- **Assignment**:
Which of the lines in the data mention the string "como"? List them all.

◇ ◇ ◇ ◇ ◇

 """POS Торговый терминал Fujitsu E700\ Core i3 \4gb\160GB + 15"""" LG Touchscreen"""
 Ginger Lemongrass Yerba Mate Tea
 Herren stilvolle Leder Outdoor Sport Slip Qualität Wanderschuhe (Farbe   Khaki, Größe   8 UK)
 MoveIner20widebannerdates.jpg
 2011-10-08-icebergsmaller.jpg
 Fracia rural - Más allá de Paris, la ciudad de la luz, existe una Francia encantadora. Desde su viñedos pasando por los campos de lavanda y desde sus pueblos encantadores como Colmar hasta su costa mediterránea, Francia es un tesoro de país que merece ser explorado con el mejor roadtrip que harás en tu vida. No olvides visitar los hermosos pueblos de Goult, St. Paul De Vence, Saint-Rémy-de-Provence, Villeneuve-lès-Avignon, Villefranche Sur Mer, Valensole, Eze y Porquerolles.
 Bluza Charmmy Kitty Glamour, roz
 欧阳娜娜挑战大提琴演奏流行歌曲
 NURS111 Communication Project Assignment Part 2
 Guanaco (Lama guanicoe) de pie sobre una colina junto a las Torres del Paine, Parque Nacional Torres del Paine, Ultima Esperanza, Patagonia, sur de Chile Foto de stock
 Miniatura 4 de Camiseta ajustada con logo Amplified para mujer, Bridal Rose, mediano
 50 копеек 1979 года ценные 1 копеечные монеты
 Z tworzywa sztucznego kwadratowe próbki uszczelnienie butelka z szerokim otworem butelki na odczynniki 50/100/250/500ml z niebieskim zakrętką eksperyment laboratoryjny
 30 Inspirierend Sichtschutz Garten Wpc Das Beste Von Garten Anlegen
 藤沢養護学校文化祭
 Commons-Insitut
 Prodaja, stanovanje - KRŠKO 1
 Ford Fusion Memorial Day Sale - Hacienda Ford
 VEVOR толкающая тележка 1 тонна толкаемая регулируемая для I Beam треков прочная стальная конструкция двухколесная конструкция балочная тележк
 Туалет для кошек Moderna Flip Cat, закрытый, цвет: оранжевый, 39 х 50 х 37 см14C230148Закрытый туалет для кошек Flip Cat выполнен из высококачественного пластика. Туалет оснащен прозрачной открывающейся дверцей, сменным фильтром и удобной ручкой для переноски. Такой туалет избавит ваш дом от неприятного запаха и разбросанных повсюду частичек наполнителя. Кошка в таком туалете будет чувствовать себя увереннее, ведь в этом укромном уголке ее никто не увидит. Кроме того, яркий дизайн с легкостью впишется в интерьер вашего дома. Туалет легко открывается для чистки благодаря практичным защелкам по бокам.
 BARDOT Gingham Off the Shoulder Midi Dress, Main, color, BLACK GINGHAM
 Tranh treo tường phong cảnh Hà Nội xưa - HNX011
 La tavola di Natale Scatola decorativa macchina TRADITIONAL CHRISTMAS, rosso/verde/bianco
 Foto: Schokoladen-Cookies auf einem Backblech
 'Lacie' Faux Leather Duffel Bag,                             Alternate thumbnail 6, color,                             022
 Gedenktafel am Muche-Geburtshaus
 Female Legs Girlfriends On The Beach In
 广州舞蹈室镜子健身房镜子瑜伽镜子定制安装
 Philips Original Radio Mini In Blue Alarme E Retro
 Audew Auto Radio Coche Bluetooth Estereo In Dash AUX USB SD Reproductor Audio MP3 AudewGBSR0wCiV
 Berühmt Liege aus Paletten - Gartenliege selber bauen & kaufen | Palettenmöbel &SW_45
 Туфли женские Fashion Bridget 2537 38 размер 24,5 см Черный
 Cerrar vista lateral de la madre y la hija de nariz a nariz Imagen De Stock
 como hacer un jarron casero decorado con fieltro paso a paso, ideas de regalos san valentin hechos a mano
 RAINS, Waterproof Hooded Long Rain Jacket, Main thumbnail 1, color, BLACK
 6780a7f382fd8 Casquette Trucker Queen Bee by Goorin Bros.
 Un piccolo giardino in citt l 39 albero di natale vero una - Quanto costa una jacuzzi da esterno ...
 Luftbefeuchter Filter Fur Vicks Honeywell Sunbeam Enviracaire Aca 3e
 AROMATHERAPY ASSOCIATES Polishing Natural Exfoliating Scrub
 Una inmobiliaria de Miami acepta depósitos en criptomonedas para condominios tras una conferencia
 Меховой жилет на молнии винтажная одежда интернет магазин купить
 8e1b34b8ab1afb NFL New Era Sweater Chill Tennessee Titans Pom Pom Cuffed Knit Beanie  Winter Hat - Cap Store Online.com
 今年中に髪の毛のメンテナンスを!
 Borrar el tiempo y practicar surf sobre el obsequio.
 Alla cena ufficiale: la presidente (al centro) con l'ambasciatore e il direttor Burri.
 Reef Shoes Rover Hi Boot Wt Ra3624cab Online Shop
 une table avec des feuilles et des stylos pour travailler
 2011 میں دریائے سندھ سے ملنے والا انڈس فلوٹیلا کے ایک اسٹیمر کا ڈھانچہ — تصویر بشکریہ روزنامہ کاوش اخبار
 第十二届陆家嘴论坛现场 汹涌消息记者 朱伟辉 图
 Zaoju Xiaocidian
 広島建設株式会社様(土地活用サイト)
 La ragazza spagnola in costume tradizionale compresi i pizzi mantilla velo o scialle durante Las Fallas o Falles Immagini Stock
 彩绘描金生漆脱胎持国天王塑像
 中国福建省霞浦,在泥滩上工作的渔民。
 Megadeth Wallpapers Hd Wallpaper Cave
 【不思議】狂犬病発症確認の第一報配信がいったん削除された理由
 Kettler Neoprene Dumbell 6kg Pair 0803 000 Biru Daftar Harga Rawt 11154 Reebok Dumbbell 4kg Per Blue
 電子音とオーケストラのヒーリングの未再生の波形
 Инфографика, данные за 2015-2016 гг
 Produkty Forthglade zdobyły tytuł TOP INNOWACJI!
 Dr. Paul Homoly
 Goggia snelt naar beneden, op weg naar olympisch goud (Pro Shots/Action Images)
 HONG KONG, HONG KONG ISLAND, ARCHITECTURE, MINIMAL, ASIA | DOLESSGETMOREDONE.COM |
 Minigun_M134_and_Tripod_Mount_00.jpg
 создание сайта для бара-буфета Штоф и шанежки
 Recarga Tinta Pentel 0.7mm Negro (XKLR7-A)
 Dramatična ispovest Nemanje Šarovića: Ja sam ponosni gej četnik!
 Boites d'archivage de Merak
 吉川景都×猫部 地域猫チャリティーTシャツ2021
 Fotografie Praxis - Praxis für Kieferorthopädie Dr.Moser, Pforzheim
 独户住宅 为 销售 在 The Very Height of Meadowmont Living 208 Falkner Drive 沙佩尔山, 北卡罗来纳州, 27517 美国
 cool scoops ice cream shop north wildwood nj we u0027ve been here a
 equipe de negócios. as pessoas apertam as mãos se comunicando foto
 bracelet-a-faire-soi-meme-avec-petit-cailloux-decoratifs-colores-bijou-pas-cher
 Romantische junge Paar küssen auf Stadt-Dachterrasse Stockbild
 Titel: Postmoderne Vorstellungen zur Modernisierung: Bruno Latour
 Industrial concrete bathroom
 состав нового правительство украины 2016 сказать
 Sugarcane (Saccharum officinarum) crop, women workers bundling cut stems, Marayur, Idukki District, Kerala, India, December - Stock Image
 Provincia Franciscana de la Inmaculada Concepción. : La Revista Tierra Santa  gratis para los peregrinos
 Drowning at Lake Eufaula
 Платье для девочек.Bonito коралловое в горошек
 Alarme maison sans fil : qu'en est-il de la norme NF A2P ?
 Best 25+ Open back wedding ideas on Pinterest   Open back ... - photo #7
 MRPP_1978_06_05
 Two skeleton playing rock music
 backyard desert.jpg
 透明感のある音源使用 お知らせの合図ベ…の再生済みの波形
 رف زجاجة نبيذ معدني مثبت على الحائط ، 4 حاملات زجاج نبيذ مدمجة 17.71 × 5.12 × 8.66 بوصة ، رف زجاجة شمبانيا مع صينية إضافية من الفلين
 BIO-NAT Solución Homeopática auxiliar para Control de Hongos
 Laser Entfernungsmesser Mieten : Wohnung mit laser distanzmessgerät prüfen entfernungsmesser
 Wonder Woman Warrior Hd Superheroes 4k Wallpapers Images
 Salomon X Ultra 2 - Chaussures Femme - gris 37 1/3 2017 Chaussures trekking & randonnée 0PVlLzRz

◇ ◇ ◇ ◇ ◇

- **Response for this exercise**:
 Fracia rural - Más allá de Paris, la ciudad de la luz, existe una Francia encantadora. Desde su viñedos pasando por los campos de lavanda y desde sus pueblos encantadores como Colmar hasta su costa mediterránea, Francia es un tesoro de país que merece ser explorado con el mejor roadtrip que harás en tu vida. No olvides visitar los hermosos pueblos de Goult, St. Paul De Vence, Saint-Rémy-de-Provence, Villeneuve-lès-Avignon, Villefranche Sur Mer, Valensole, Eze y Porquerolles.
 como hacer un jarron casero decorado con fieltro paso a paso, ideas de regalos san valentin hechos a mano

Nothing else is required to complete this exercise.